As part of his due diligence when he buys a property, Cas Holloway walks it.

Like most astute developers, he is looking at the topography, how the sun hits the site at different times of the day, and how it relates to the neighborhood surrounding it, among other things. So when Holloway walked the nearly two-acre former Main Line YMCA property in Ardmore, he knew he wanted it.

“This was a natural,” he said.

Not only did the site at the intersection of Montgomery Avenue and St. George’s Road have what Holloway likes in the look and feel of a property, it also met his other criteria. A parcel that he develops has to be in a walkable area, near shops and restaurants and be within a short walking distance of a train station. For Holloway that means the station is about a block away.

“That makes a project viable for us,” he said.

Holloway, who runs C.F. Holloway& Co., recently closed on buying the property for $6 million. It was a transaction that took nearly two years to get done as the previous owner, a partnership between Cornerstone Communities and Provco Group, took it through the lengthy, local approval process.

A plan was approved for a four-story building with 32 condominiums and Holloway is moving forward with a project on that scale but with one less condo and the addition of a 64-vehicle underground garage. At sell out, including acquisition costs, it’s more than a $40 million project. Most of the units are in the 2,400-a-square-foot range with a patio or terrace, and they are priced between $950,000 and about $1.4 million. It will be called 100 St. Georges ­— without the apostrophe.

Bernardon Haber Holloway (no relation to Cas Holloway) is the architect. The firm designed the project to blend into its neighbor across the street — Suburban Square — and the cast stone façade looks a lot like the limestone used at the shopping center. Among its interior amenities are a lobby with a fireplace, club room and fitness facility.

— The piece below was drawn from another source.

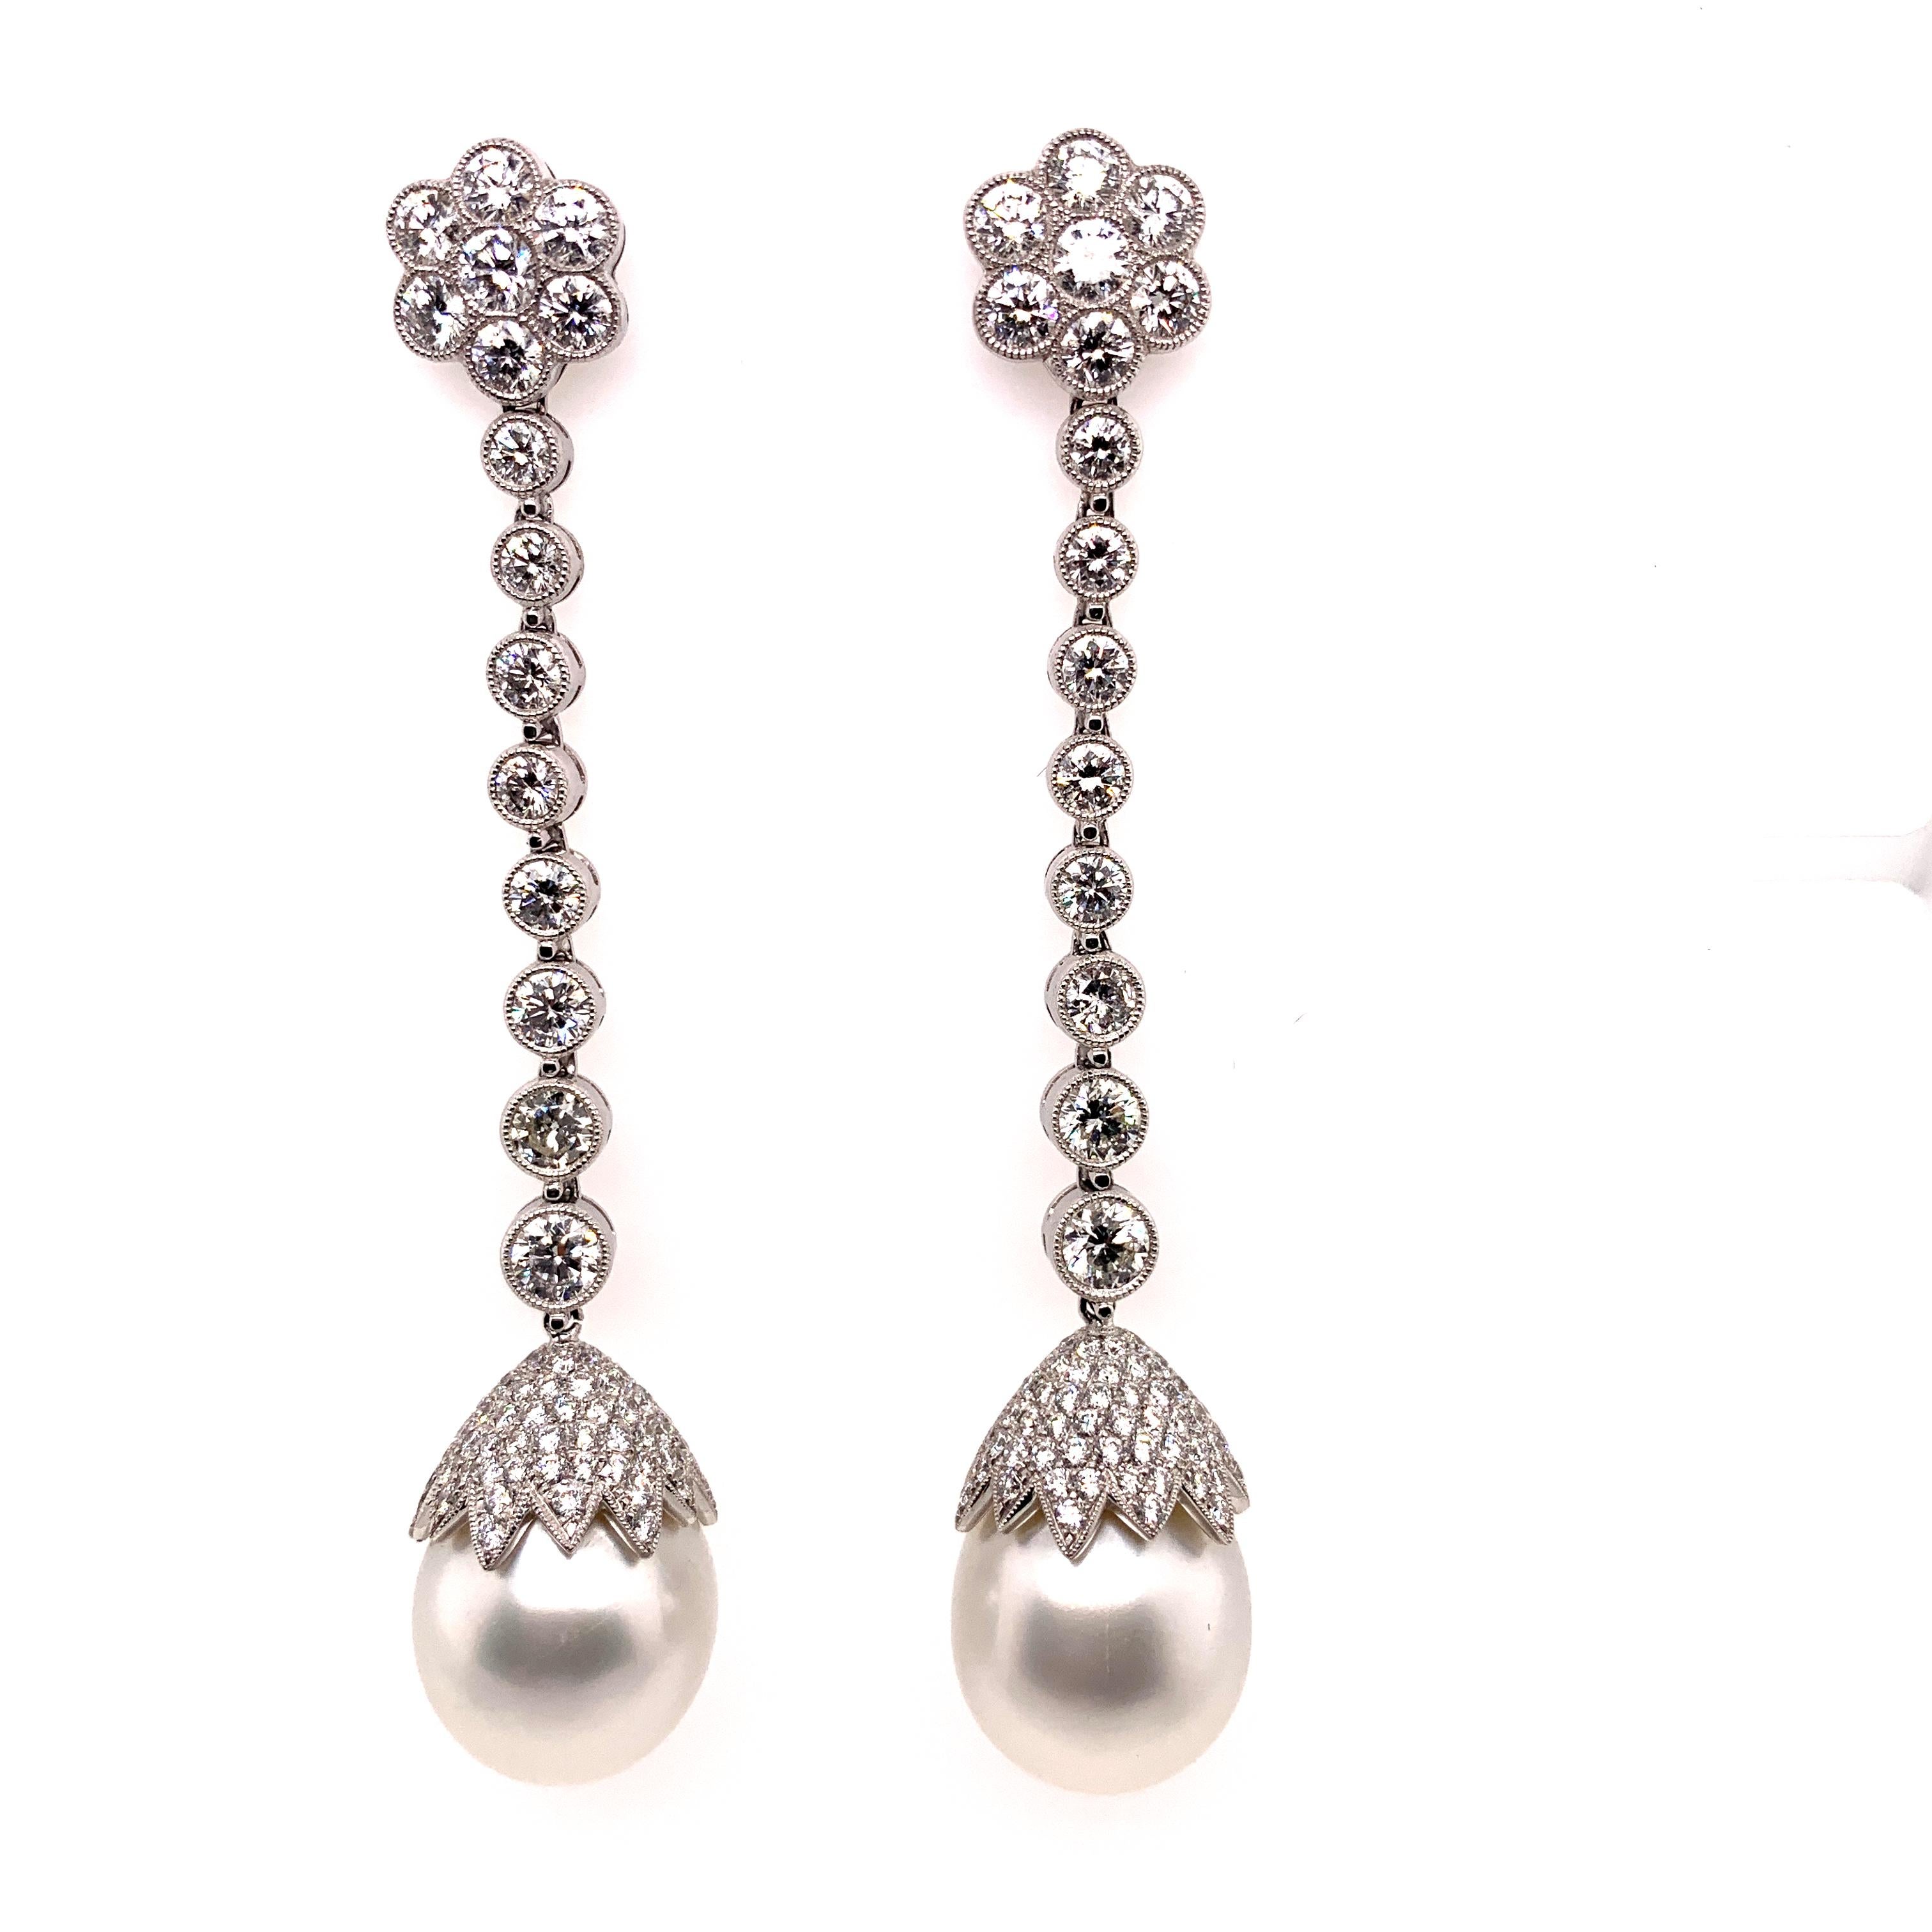 Tropfenohrringe aus Platin mit 4,27 Karat Diamanten und weißen Perlen.

Sophia D von Joseph Dardashti LTD ist seit 35 Jahren weltweit bekannt und lässt sich vom klassischen Art-Déco-Design inspirieren, das mit modernen Fertigungstechniken

When Holloway got the land, he also got a list of 19 people who, early on, had notified Cornerstone they were interested in unit. Even though the purchase of the property hadn’t closed, Holloway contacted them as well as a list he had cultivated to gauge their interest. In groups, they met at the site last December and he showed them his plans.

He then took them to see his other work in Wayne, where he has in the last five years completed three successful condominium projects. He wanted these prospective buyers to get an idea of what a finished project might look like.

It worked. In the dead of winter, nine put a $10,000 deposit down and picked which units they wanted. More interest followed. Even though Holloway doesn’t expect to break ground until this fall, he now has 12 under agreement.